Scores for specimens from Gunung museum daerah istimewa yogyakarta Lehio (crosses in fig. 26A), simply south and east of Musser’s transect, are scattered in the constellation from left to proper alongside the primary element and in addition have a tendency to lay along the outskirts of the larger cluster from the angle of the second axis. This alignment suggests the pattern from Gunung Lehio to have a comparatively wider rostrum and bony palate, longer tooth row, and shorter diastema as compared to specimens in the different geographic samples (table 29). Southern lowlands fringing Teluk Bone have yielded two species in the P. leucomus group. Prosciurillus alstoni has been collected at the base of the southeastern peninsula at Usu (02°36′S, 121°06′E), and Masamba (02°34′S, 120°19′E), about 80 km west of Usu, is the easternmost assortment website for P. weberi.
Geographic Regions
Hoplopleura heinrichi is distinct from the brand new species Hoplopleura ileile (see below), a pattern concordant with the presence of two distinctive species within Hyosciurus. Thoracic sternal plate (fig. 47B) much like that of male however slightly broader. About as broad as lengthy; thoracic sternal plate (fig. 46B) blunt anteriorly and tapering to broad apex posteriorly; mesothoracic spiracle average in measurement (0.020 mm in diameter) with one small DMsS and one pretty lengthy DPTS (0.14 mm in length) medial to spiracle. Forelegs small, every with narrow acuminate claw; hind coxa and claw sturdy; midlegs intermediate in dimension between fore and hindlegs. Although the origin of the Salayar population is unresolved, we do know that C.
Fig 12
1314; cranial and dental measurements are summarized in tables 17 and 26. In the Masamba and Palopo lowlands west of the central mountains, the indigenous member of the P. leucomus group is P. weberi, not P. alstoni (see that account). In this space the mountainous range of P. topapuensis sits adjacent to that of lowland P. weberi, which has been collected only around Masamba (02°34′S, 120°19′E) and Palopo (03°01′S, 120°13′E).
Table Eight
The morphology suggests a food regimen of softer foods than those described for Rubrisciurus, and that finding certain dietary components by olfaction is probably not as important in these squirrels as in Rubrisciurus. All three species of Prosciurillus introduced above eat gentle fruits (figs are an example) in addition to bugs (table 57). Contents of stomachs held no indication that robust nuts have been taken, similar to those from pangi and oaks. The insects within the stomachs examined are macrolepidopteran and geometrid caterpillars along with beetles, scale bugs, and cockroaches (most of which are gleaned from surfaces of foliage and bark); and buprestid beetle larvae dug from beneath bark (see ecology accounts for the completely different species). Contents of stomachs also level to arboreal termites in Termitidae as part of their diet. Nests of those bugs are fixed to limbs in tree crowns and easily scratched open by the squirrels, causing the termites to pour out of the nest onto the department to quickly turn out to be simple prey.

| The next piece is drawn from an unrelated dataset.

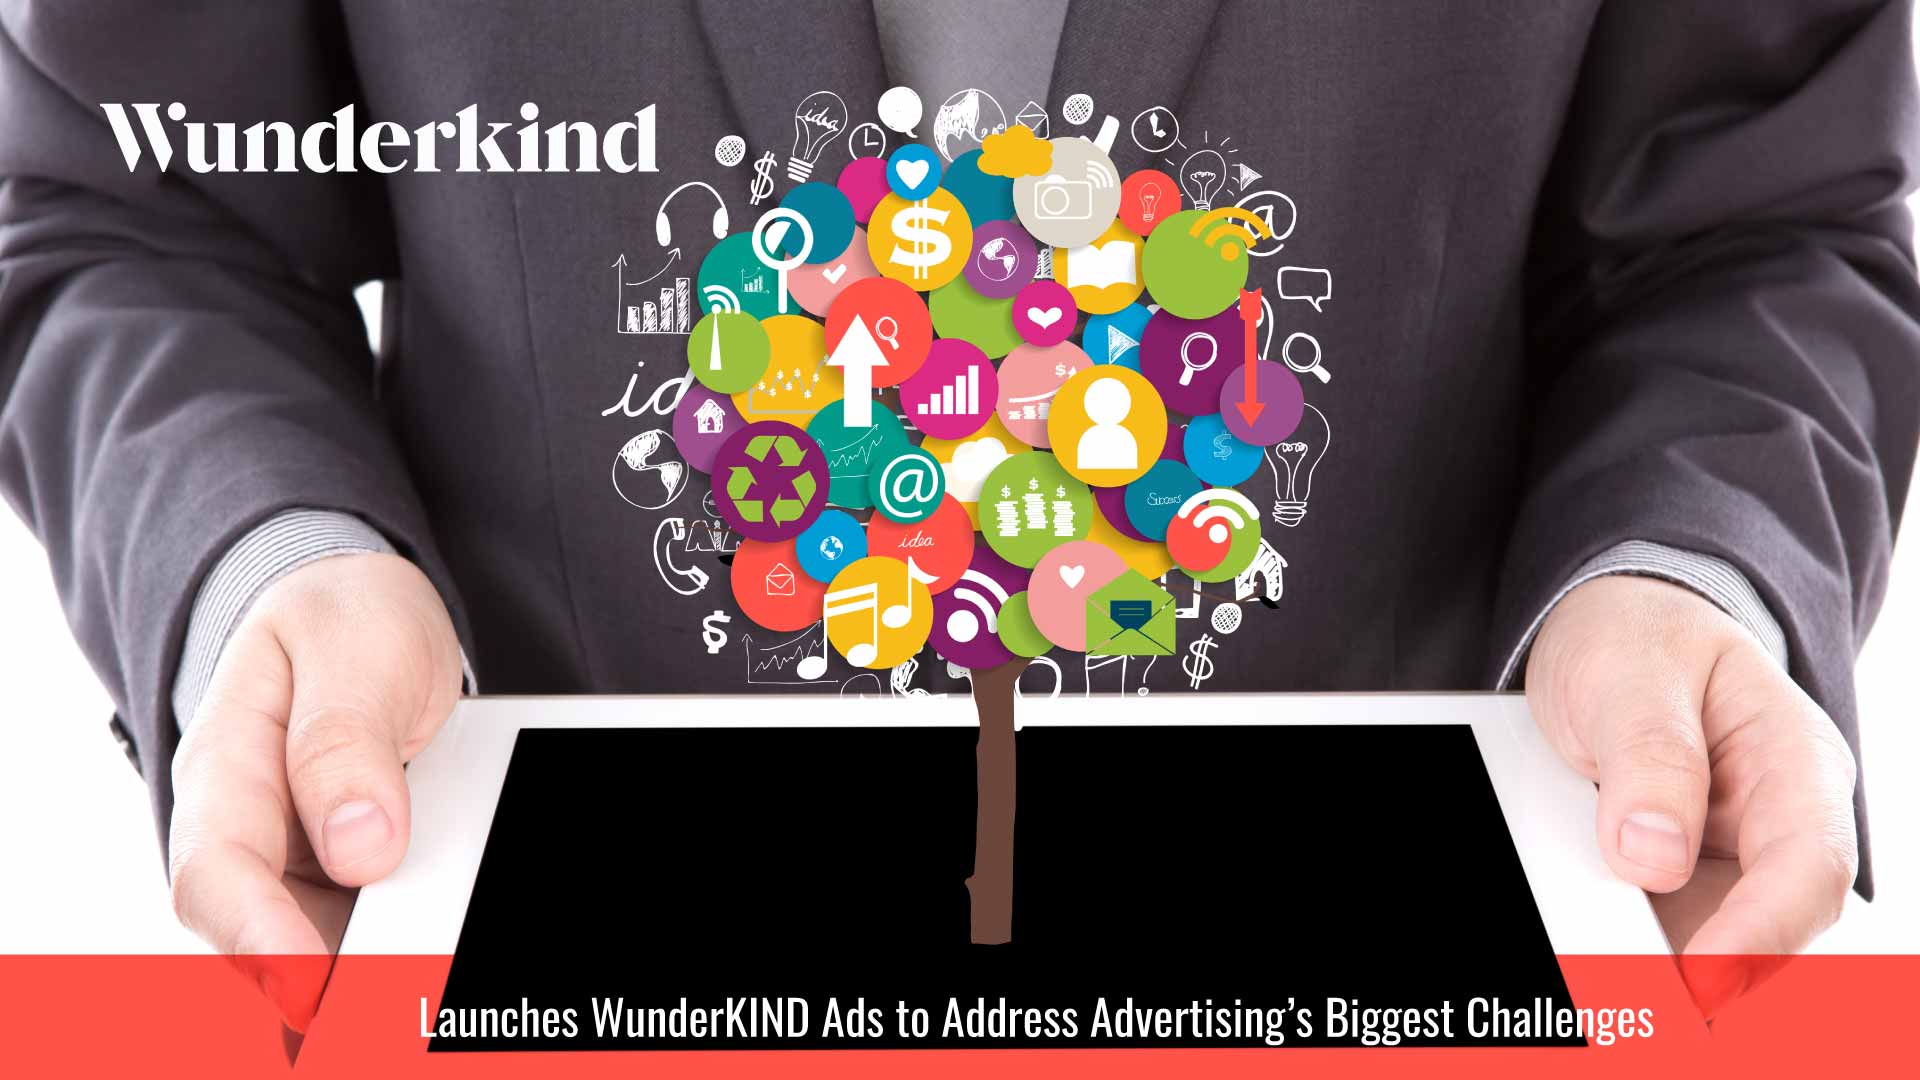 Wunderkind Launches WunderKIND Ads To Address Advertising’s Biggest Challenges

A yr later, on one other April morning, Musser watched an individual for 10–15 minutes in a unique area of forest on the summit of Nokilalaki. He stood about 10 ft from the squirrel, which was sitting on a rotting tree trunk covered with thick moss. From a distance, the squirrel resembled a spherical, dark brown ball of fur with a protracted face and large eyes. At first it responded to Musser’s presence by leaping to the bottom and scampering away for a few toes, but then returned to the highest of the trunk to sit, often grooming and biting ectoparasite-infested areas, scratching at other places in its fur, and generally chirping and sniffing about on the tree trunk.
Voucher specimens reflect a distribution all through most of the mainland of Sulawesi; no materials has been collected from offshore islands (see gazetteer and map in determine 5). Most assortment data are in areas that are or had been covered with main tropical lowland evergreen rain forest. A few samples come from mountains at altitudes where tropical lower montane rain forest dominates (Gunung Kanino within the central core, and Pegunungan Mekongga on the southeast peninsula). No specimens have been collected from excessive elevations in cool and wet higher montane rain forest.
The scores for the types of mowewensis cluster with points representing specimens from Pinedapa and the Malakosa area; the score for the holotype of sarasinorum is nearby. Scores denoting the AMNH specimens from the southeastern peninsula are scattered throughout the cluster derived from the samples from the Malakosa area and Pinedapa. There is no evidence from cranial and dental dimensions or proportions derived from the two skulls of mowewensis indicating they are anything apart from one other sample of sarasinorum, which identifies a population for which P. alstoni is the oldest name. The putting dissimilarities between the 2 species involve the underparts and ears.